Сражения и налеты проредили их экипаж: у них осталось около восьмидесяти воинов, чего едва хватало, чтобы управлять галерой. Но Белит не желала терять времени на долгий переход на юг, к островным королевствам, где можно было набрать добровольцев. Ее снедало нетерпение; приключение казалось ей слишком заманчивым, и вот «Тигрица» вошла в устье, и гребцы налегли на весла, направляя корабль против течения.

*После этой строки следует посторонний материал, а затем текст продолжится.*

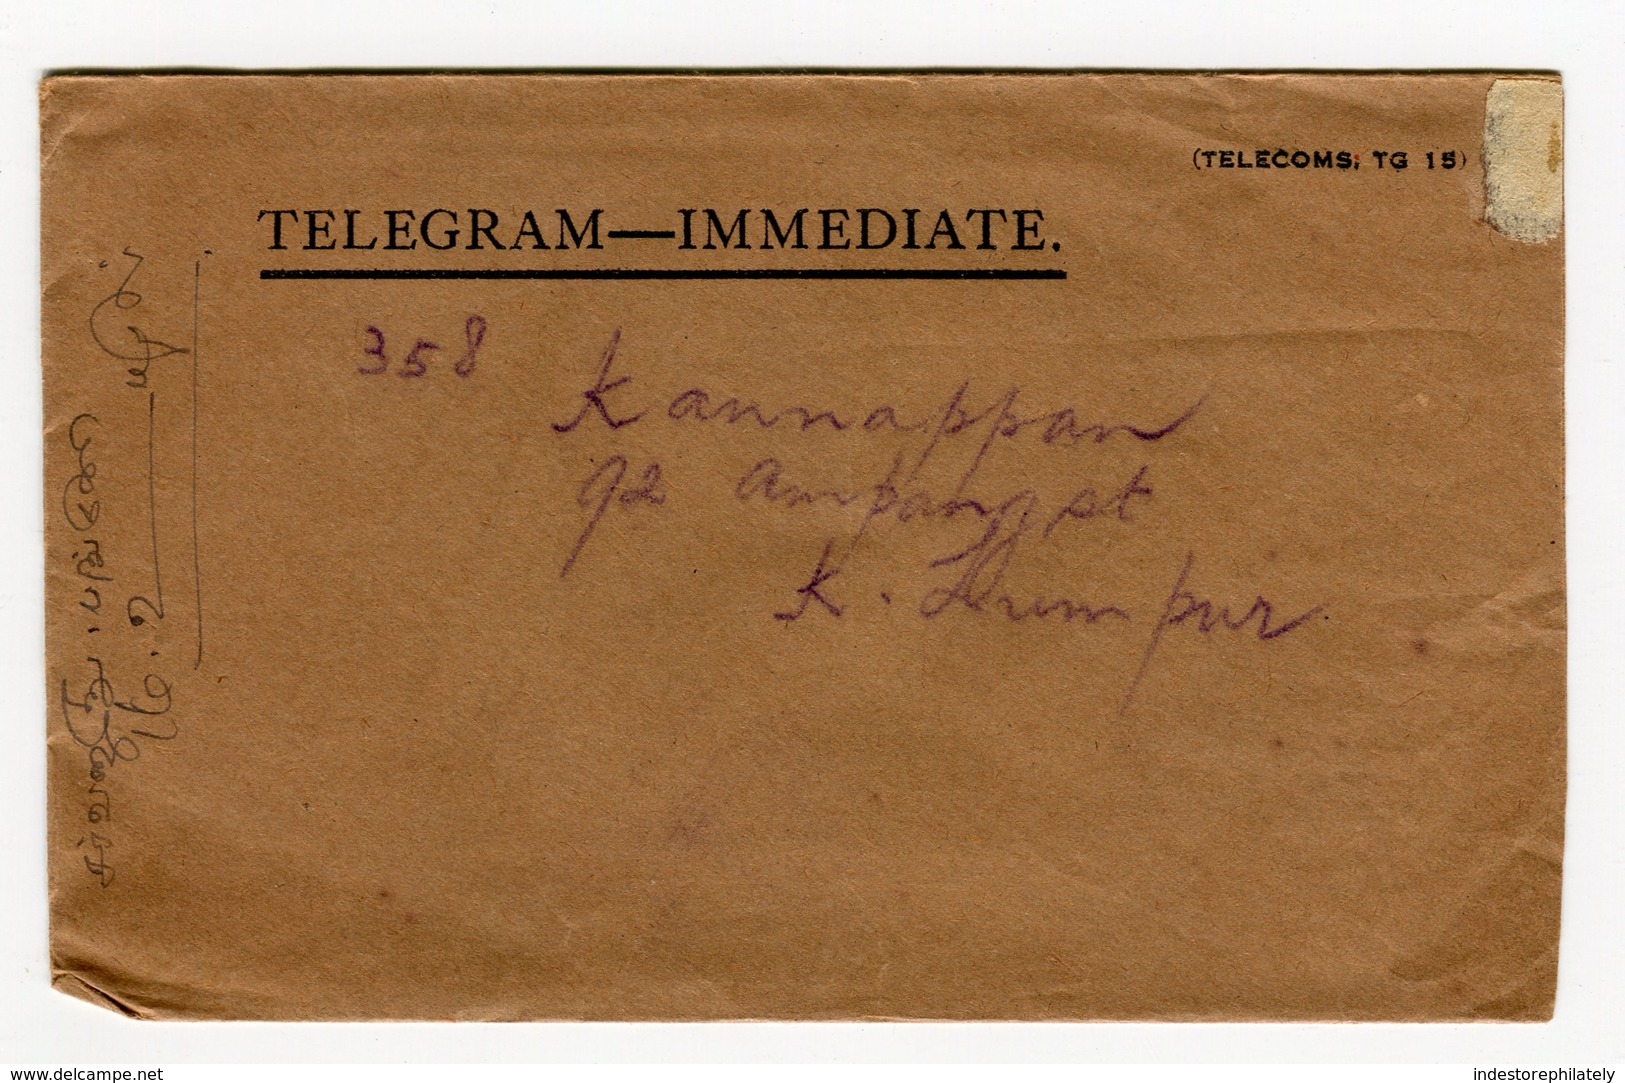 MALAYA Kuala Lumpur Telegram, Telegraph Office Postmark 10 Mar 1948 (M6) - Malaya (British Military Administration)
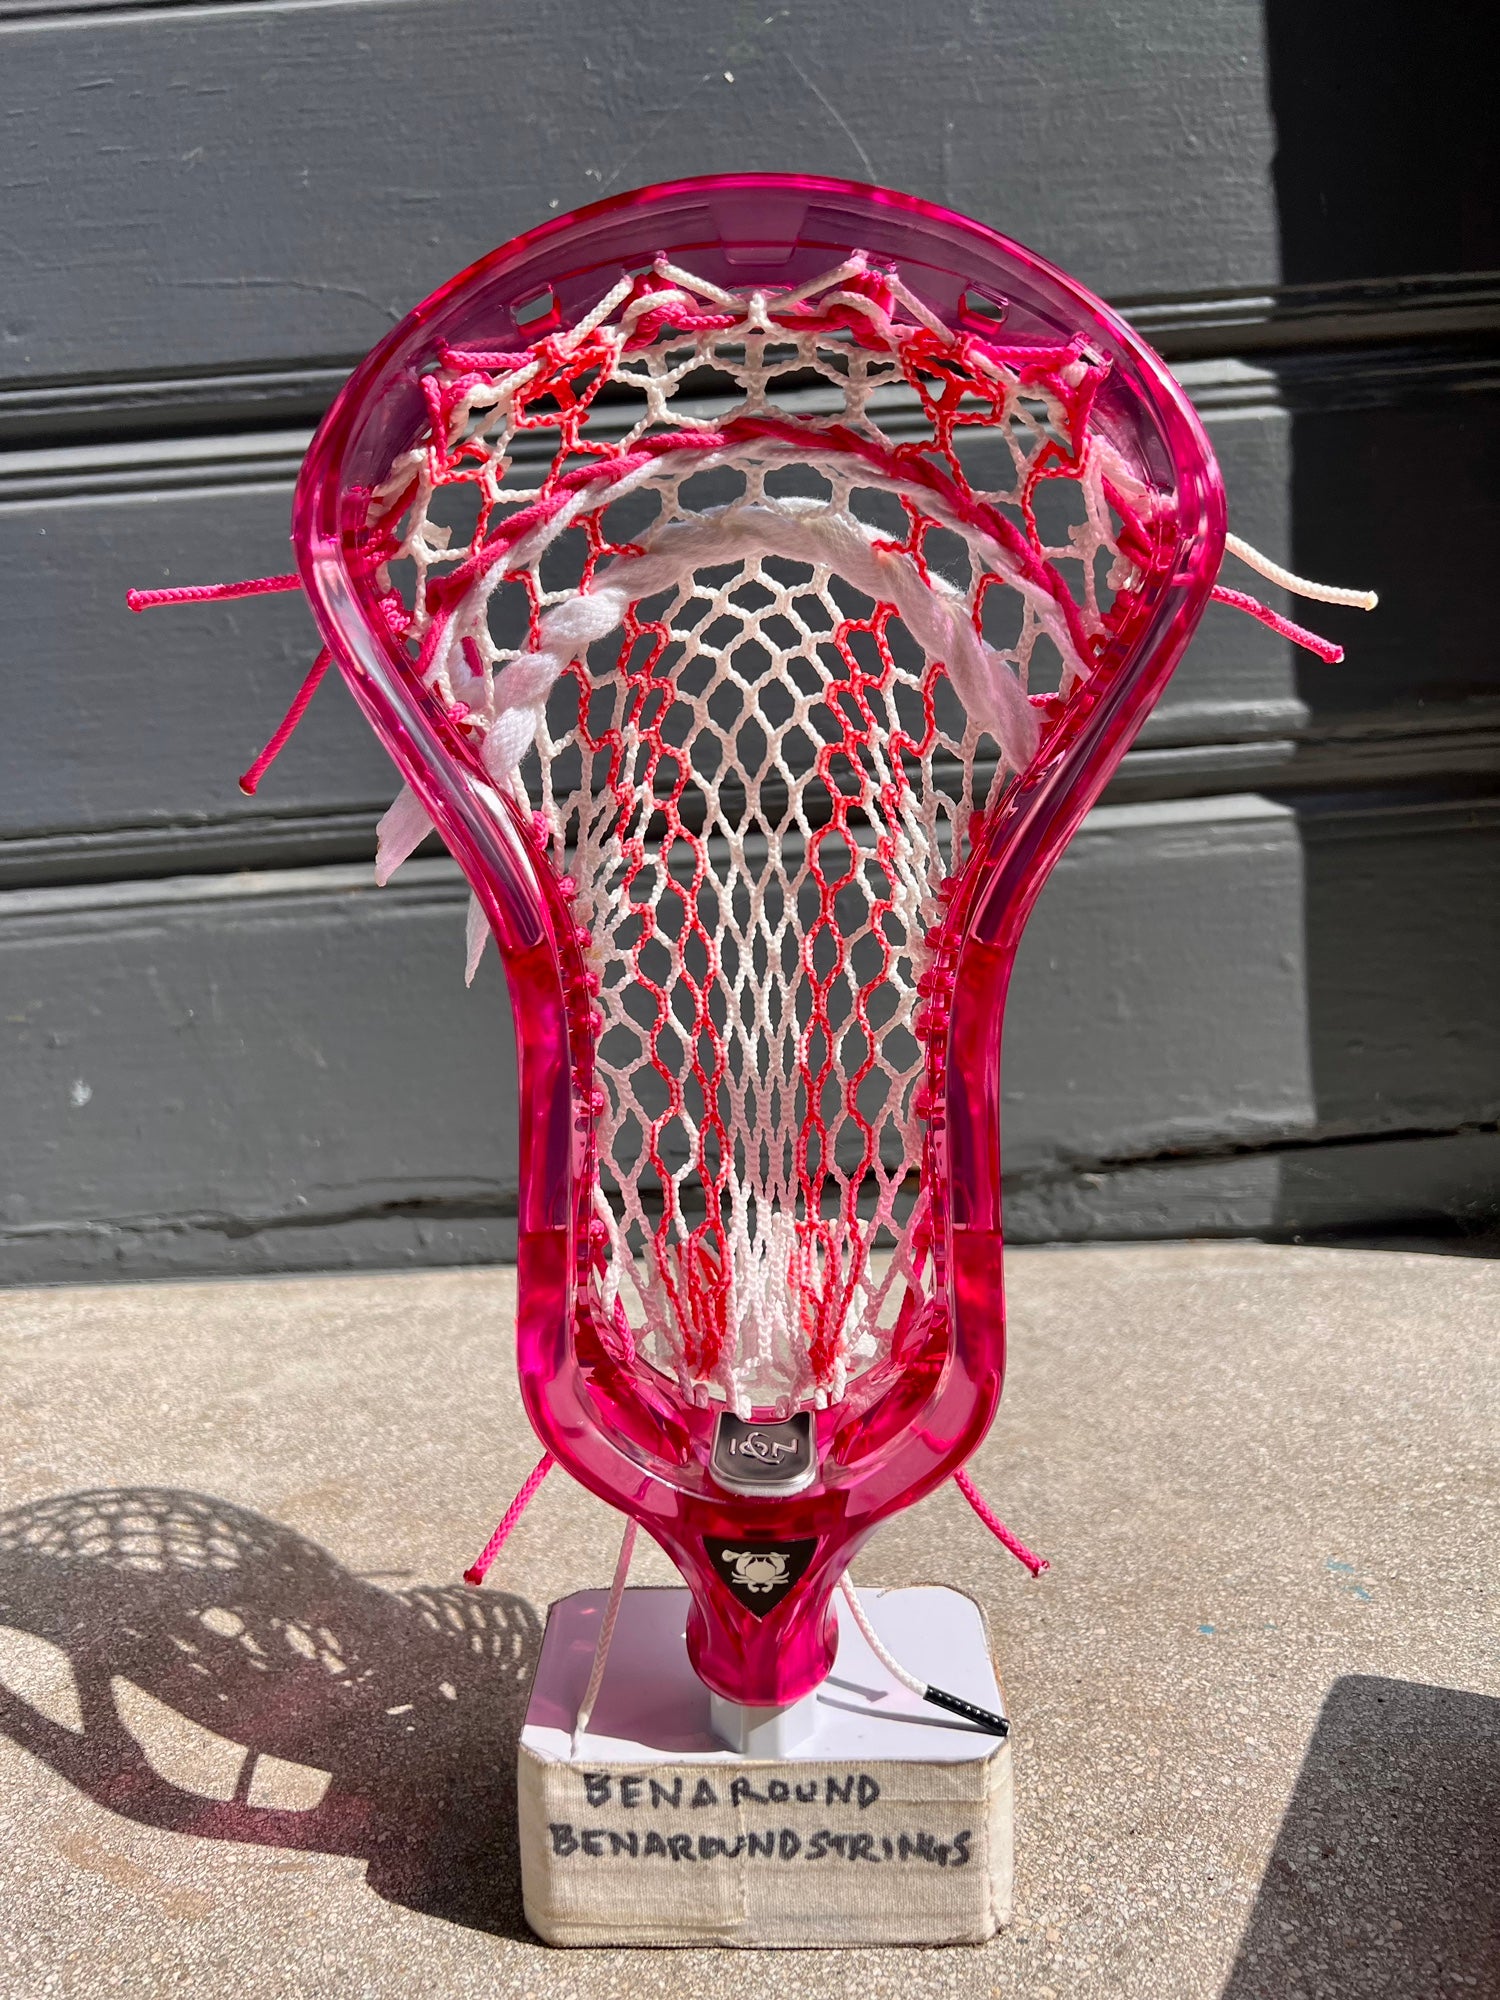 ECD Dyed Ion Lacrosse Head - Pink

Вскоре они обогнули излучину, которая скрыла от них море. На закате они все еще медленно продвигались вверх по реке, огибая песчаные отмели, где свернулись и грелись на солнце странного вида рептилии. За весь день они не видели ни одного крокодила или животного на четырех лапах, и ни одна птица не села у края воды, чтобы напиться. До самого рассвета они плыли сквозь непроглядную темень меж берегов, казавшихся непроницаемыми черными стенами, откуда раздавалось таинственное рычание, звуки тяжелой поступи и злобно блестели угрюмые глаза. А однажды до них донесся нечеловеческий крик, полный злорадной издевки, – по словам Белит, это подала голос человекообразная обезьяна, одна из тех, в которых, по преданию, заключены души преступников, лишенных последнего успокоения в качестве наказания за свои преступления. Но Конан позволил себе усомниться в этом, потому что однажды в гирканском городе видел в золотой клетке эту тварь с бесконечно печальными глазами. Ему сказали, что это и есть человекообразная обезьяна, и он не увидел в ней и следа той дьявольской злобы и злорадства, которыми буквально вибрировал визгливый смех, эхом докатившийся из черных джунглей.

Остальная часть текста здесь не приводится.